A couple blog posts ago, I talked about how important is to create an emotional experience for your reader. Donald Maass lays out some strategies for how you can do that in his book The Emotional Craft of Fiction. Maass says the reader is the one creating the emotional experience. We writers are giving them the triggers: “(Readers) don’t so much read as respond,” says Maass
There are three main paths to creating an emotional response. Outer Mode: showing. (see my earlier post on that one.) Inner Mode: telling. And something Maass calls Other Mode: a combination of showing and telling and other techniques to create something that is emotionally “chewable” for the reader.
Let’s take a look at Inner Mode and that forbidden art of telling.
Here’s an example that Maass uses from Daphne Du Maurier’s My Cousin Rachel. It’s about a young man named Philip Ashley who’s been raised by his older cousin Ambrose. Ambrose leaves on a trip and Philip is miserable without him. Then he gets a letter from Ambrose announcing his marriage to a woman named Rachel.
The letter came about half-past five, just after I had dined. Luckily, I was alone. Seecombe had brought in the post-bag, and left it with me. I put the letter in my pocket and walked out across the fields down to the sea. Seecombe’s nephew, who had the mill cottage on the beach, said good-day to me. He had his nets spread on the stone wall, drying in the last of the sun. I barely answered him, and he must have thought me curt. I climbed over the rocks to a narrow ledge, jutting into the little bay, where I used to swim in summer. Ambrose would anchor some fifty yards out in his boat, and I would swim to him. I sat down, and taking the letter from my pocket read it again. If I could have felt one spark of sympathy, of gladness, one single ray of warmth towards those two who were sharing happiness together down in Naples, it would have eased my conscience. Ashamed of myself, bitterly angry at my selfishness, I could raise no feeling in my heart at all. I sat there, numb with misery, staring at the flat calm, sea. I had just turned twenty-three, and yet I felt as lonely and as lost as I had done years before, sitting on a bench in Fourth Form, at Harrow, with no one to befriend me, and nothing before me, only a new world of strange experience that I did not want.
Du Maurier is doing several things here. First of all, she makes you, the reader, wait to learn what’s in that letter. You know the news isn’t good (Luckily, I was alone.) And, the wait builds up your own sense of dread. And, even if she isn’t showing Philip’s reaction through describing him, she is putting you through the character’s experience as he focuses on the mundane details of his walk to the beach. Isn’t that what we all do when we’re in something of emotional shock. We narrow our focus; we delay the feelings until we’re somewhere where we can deal with them.
And, as Maass notes, once we get to the place were Philip can unpack his feelings, she uses the setting, alone on a rocky shore, as a metaphor for his inner state. She also juxtaposes his earlier, trusting time with Ambrose learning to swim with this current feeling of separation.

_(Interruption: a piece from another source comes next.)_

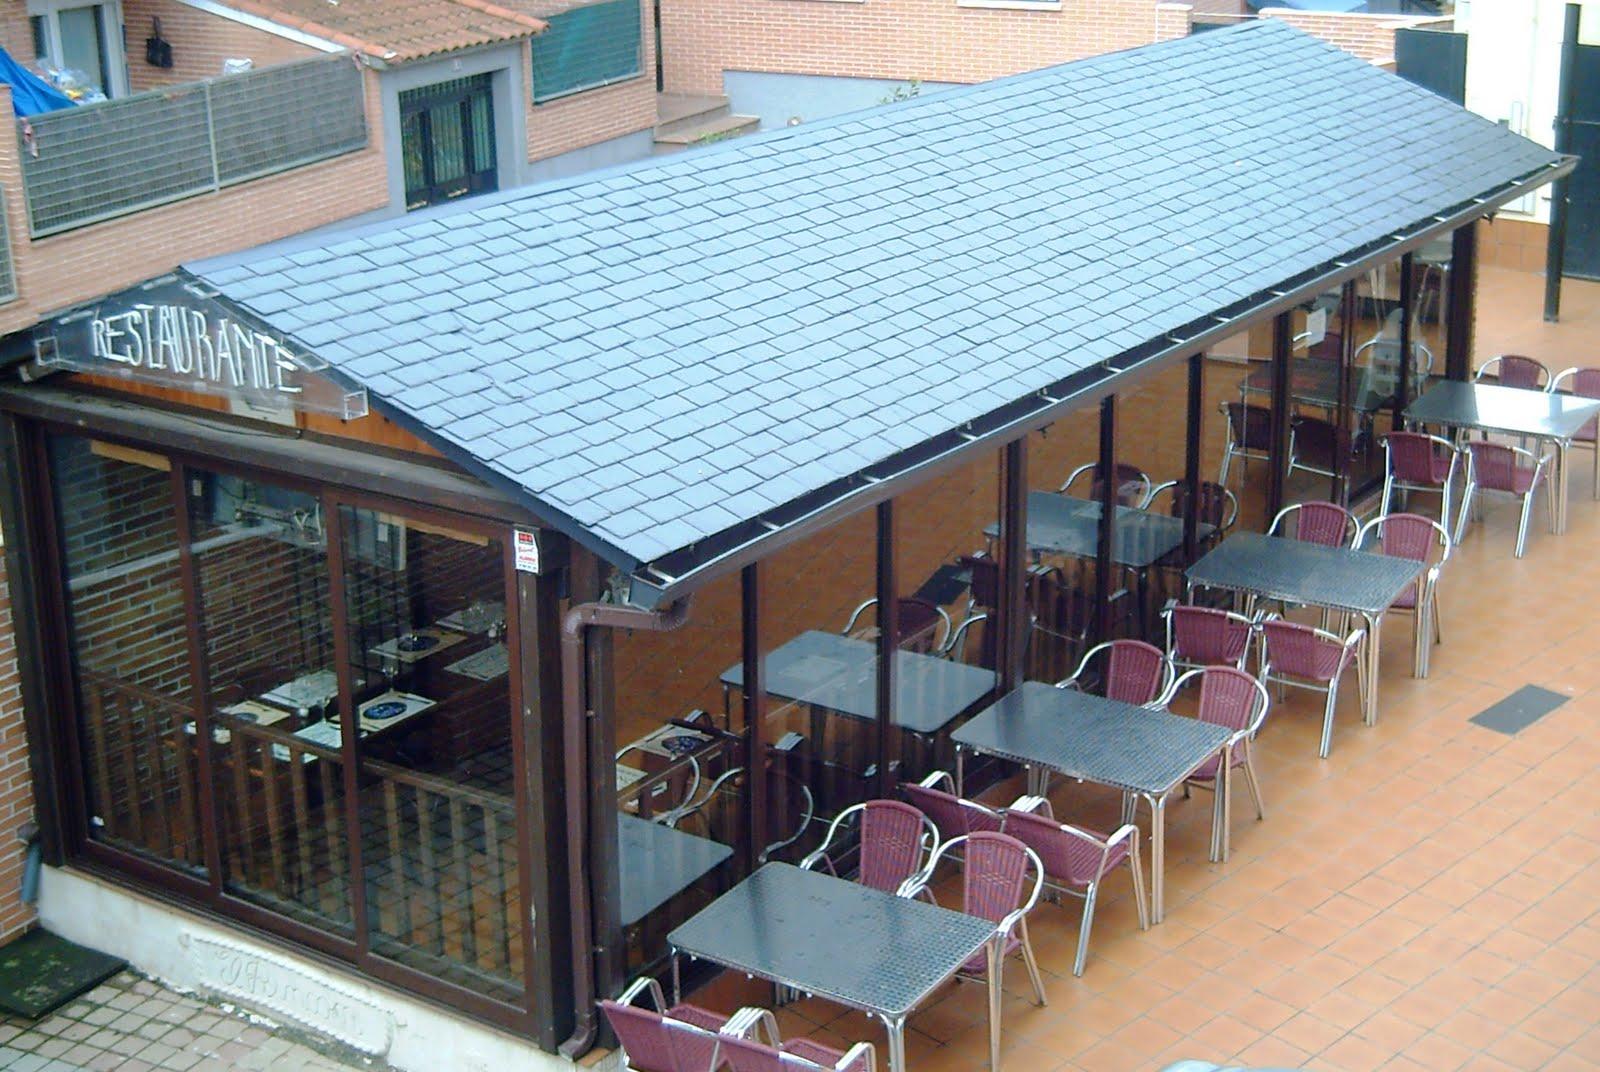 Estructuras met licas y cerramiento para restaurantes for Tejados prefabricados

Maass also likes that she runs the reader through the emotions that Philip believes he should be feeling versus what he actually feels. Maass calls this getting down to third level feelings. Getting past the obvious, immediate feelings that a character might be expected to have and surprising the reader with what is actually going on inside.

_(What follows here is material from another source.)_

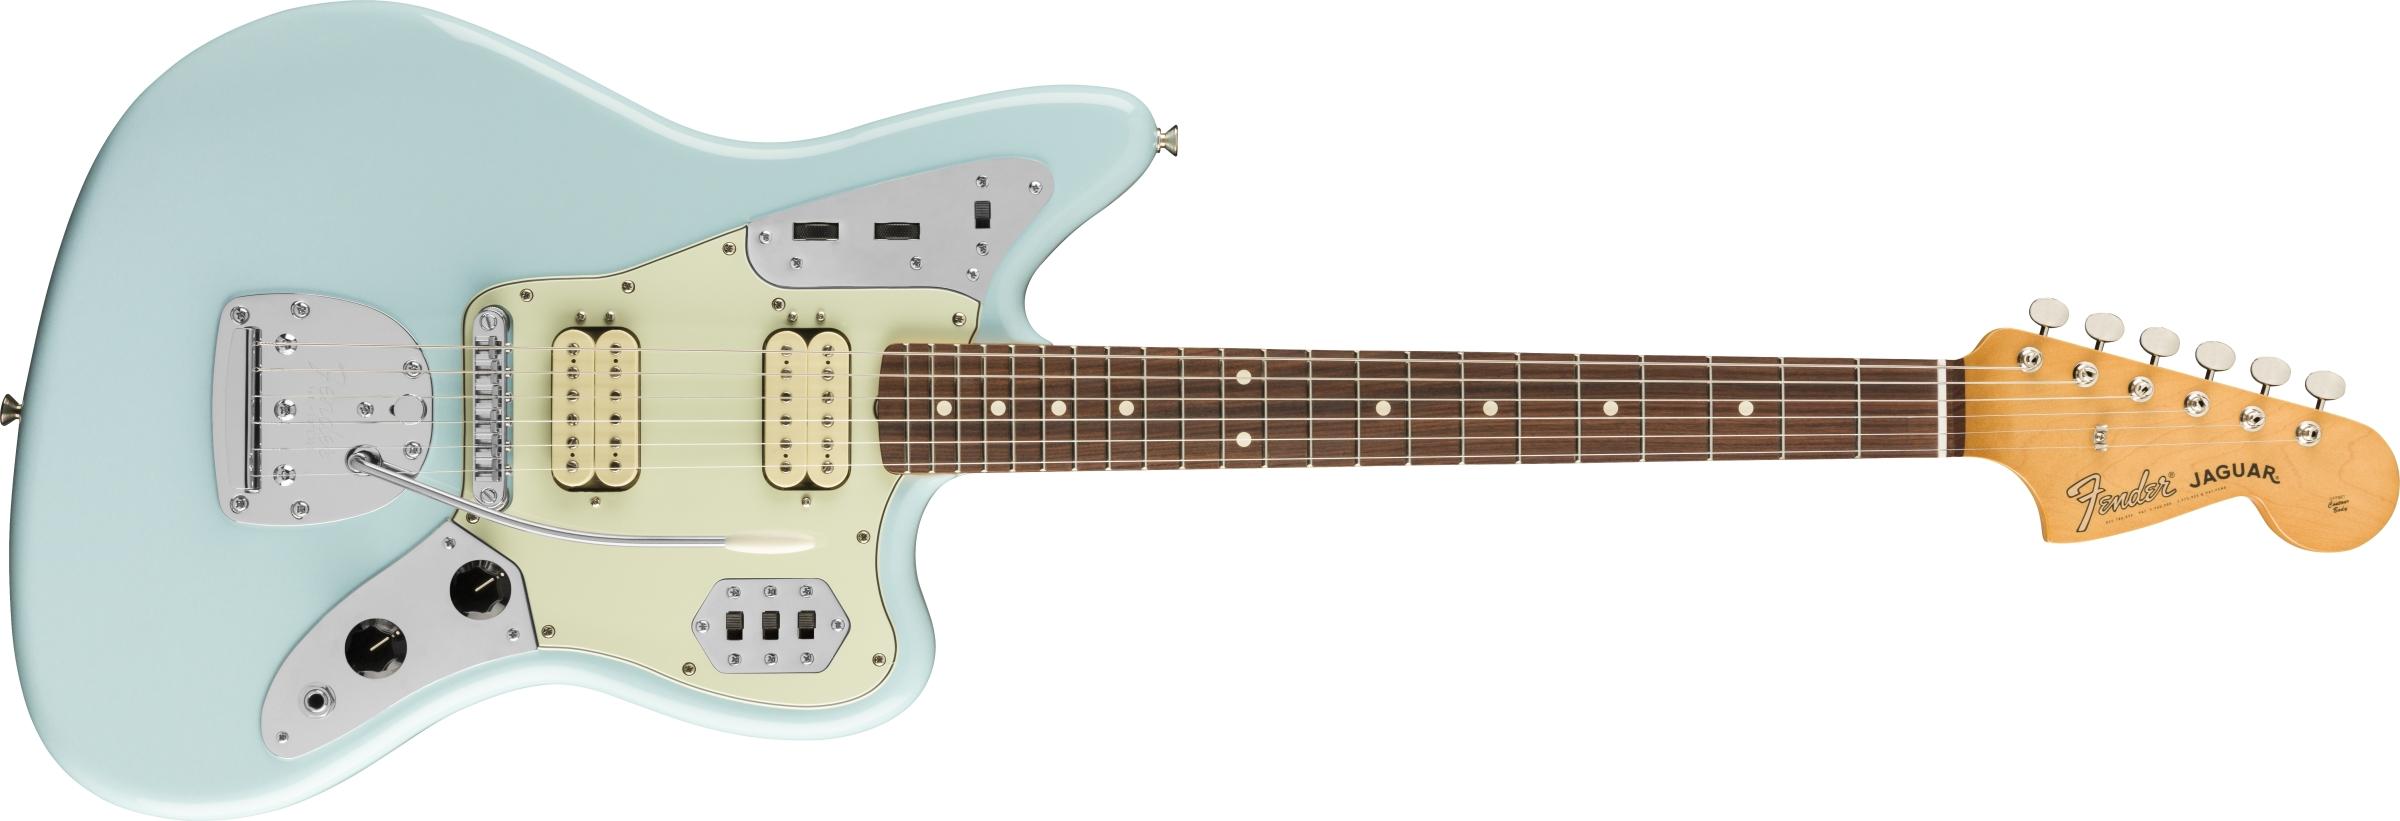 Vintera® '60s Jaguar® Modified HH | Electric GuitarsShop Fender

One of the more iconic examples of creating an analogy for a feeling. Burt Lancaster and Deborah Kerr in From Here to Eternity.
He offers an exercise for how to create scenes like this in your own writing.
– Select a moment from your story when your main character feels strongly. Identify the feeling and ask your character: “What else are you feeling at this moment?” Write that down and ask again. Get to the third-level of feeling for this moment.
– Now examine that third-level feeling is four ways. 1) Create an analogy for it. 2) Make a moral judgement about it. Is it good or bad to feel this way? 3) Create an alternative: What would a better person be feeling instead? 4) Justify this feeling. Why is it appropriate for your character to feel this way?
– Look around your scene and setting. What is your character seeing that might be unique here. Add this one detail to the list you’re making.
– Now write as new scene for this moment using the third-level emotion.
According to Maass, if you plunge right into the third-level feelings—spite, envy, bitterness—underneath something like good news for a friend, your character will be unappealing. So have your character give a nod to their own failure to be generous. And then, let them be complexly human like all the rest of us.